The order, which was passed on 17 November, by a bench comprising Justices Atul Sreedharan and Mohan Lal observed that the investigating agency probing a case under the UAPA has the unbridled authority to arrest or not arrest under the provisions of the UAPA.

“However, upon arrest, the investigating agency would have to justify the arrest on the anvil of ‘clear and present danger’ of the accused to the society at large, if enlarged on bail,” the court added. 

It asserted that the existence of prima facie evidence against the accused would not help the agency if there was no justification for the arrest based on the doctrine of “clear and present danger” to the society.

The court unequivocally said that, if the investigating agency does not satisfy the court and is unable to justify the arrest, it would result in the violation of the fundamental rights of the accused under the Constitution. 

While it acknowledged that there is no rule of thumb to assess whether the accused is a clear and present danger, it would have to be assessed in the backdrop of the specific facts and circumstances of each case. 

The court was hearing an appeal filed by Shah in a case involving publication of an article in his now defunct digital magazine, The Kashmir Walla.
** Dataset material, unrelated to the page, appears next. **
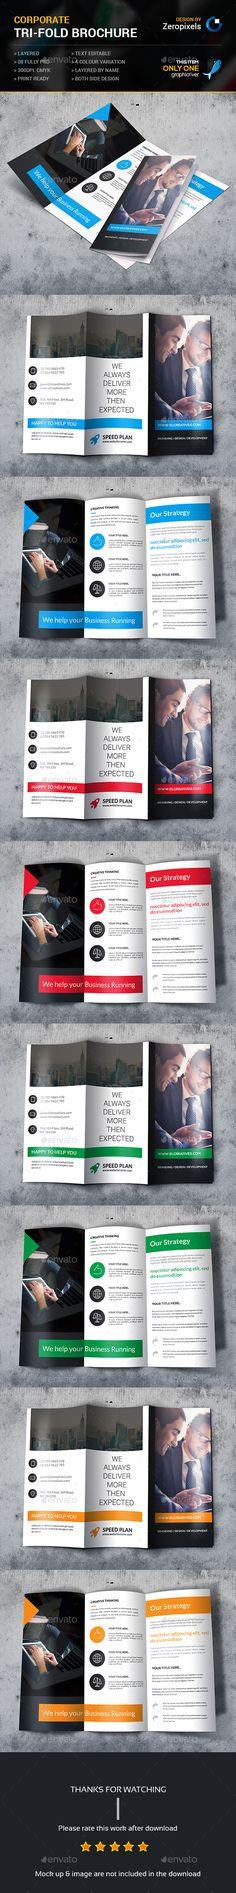 Corporate Business Tri-fold Brochure. Download http://graphicriver.net/item/corporate-business-trifold-brochure/15285562?ref=heavens786

The court granted him bail subject to him furnishing a personal bond and a surety of Rs 50,000 each. 

Shah was held in this case in May last year, following the registration of a case in Jammu on 4 April, 2022 — nearly 11 years after the publication of an article titled ‘The shackles of slavery will break’ in his magazine in 2011. 

The article was written by a Kashmir University scholar, Abdul Aala Fazili, who, too, has been arrested.

Charges were framed against Shah in March this year. 

The high court, however, felt that prima facie, no offence under Section 18 (conspiracy to commit a terrorist act) of the UAPA was made out against him, as his act does not come within the definition of a terrorist act under Section 15 of the Act. 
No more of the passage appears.